The problem is the film utterly lacks subtlety. Everything from the camera shots to the dialogue is entire too blunt and boxy. Attempts at comedy or plain conversation come off as unnatural like when Beast and Storm comment about each others hair or when characters spew lines from the painfully cliché “Charles always wanted to build bridges,” to the unnecessarily profane “Who said I was hiding, dickhead?!” Going back to the “dream cast” idea, I can’t believe some of the ridiculous things Patrick Stewart said in the movie. He delivers the lines with such conviction while saying nothing at all. Even the computer animation is no longer a spectacle but a requirement to be filled (here, by the disappointing displacement of the Golden Gate Bridge). The only scene I really liked was a moment when there are only 6 “good” xmen against an army of the Brotherhood. They stand in a shadowy line and the camera swings across them.
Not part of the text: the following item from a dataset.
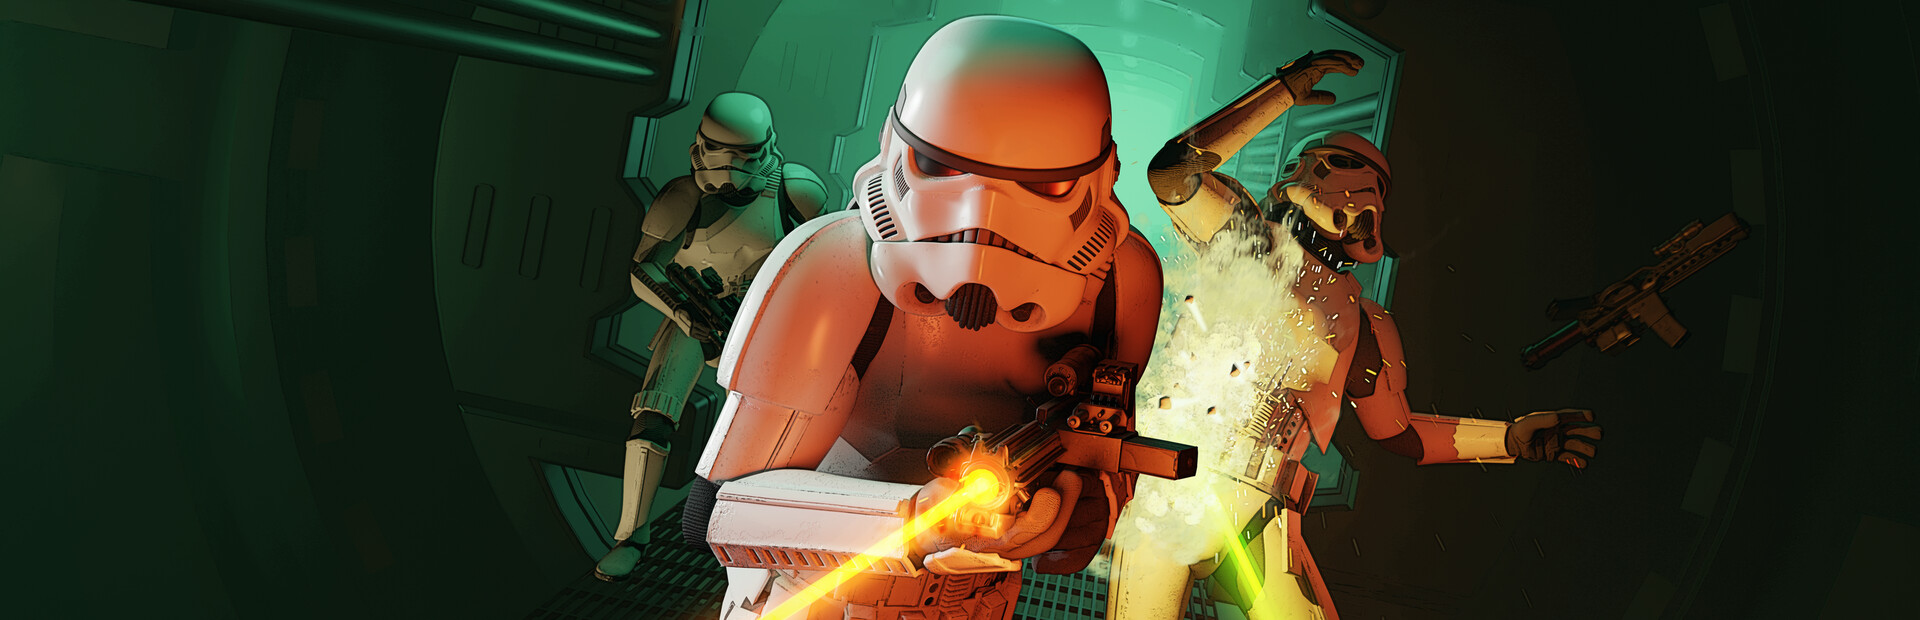 STAR WARS™: Dark Forces Remaster cover image

The movie needed more of this sort of grave subtlety.
For a movie with such potential, it really couldn’t support it’s own weight.
Perhaps I judge it too harshly as the third part of a successful series. The script was weak. The music was utterly uninspiring. The special effects were so-so, but the acting was really top notch. I give this film 2.5 stars out of 4. Don’t get me wrong - it is still entertaining and very worth watching and it’s way better than the Fantastic Four. Just don’t expect it to top the first two.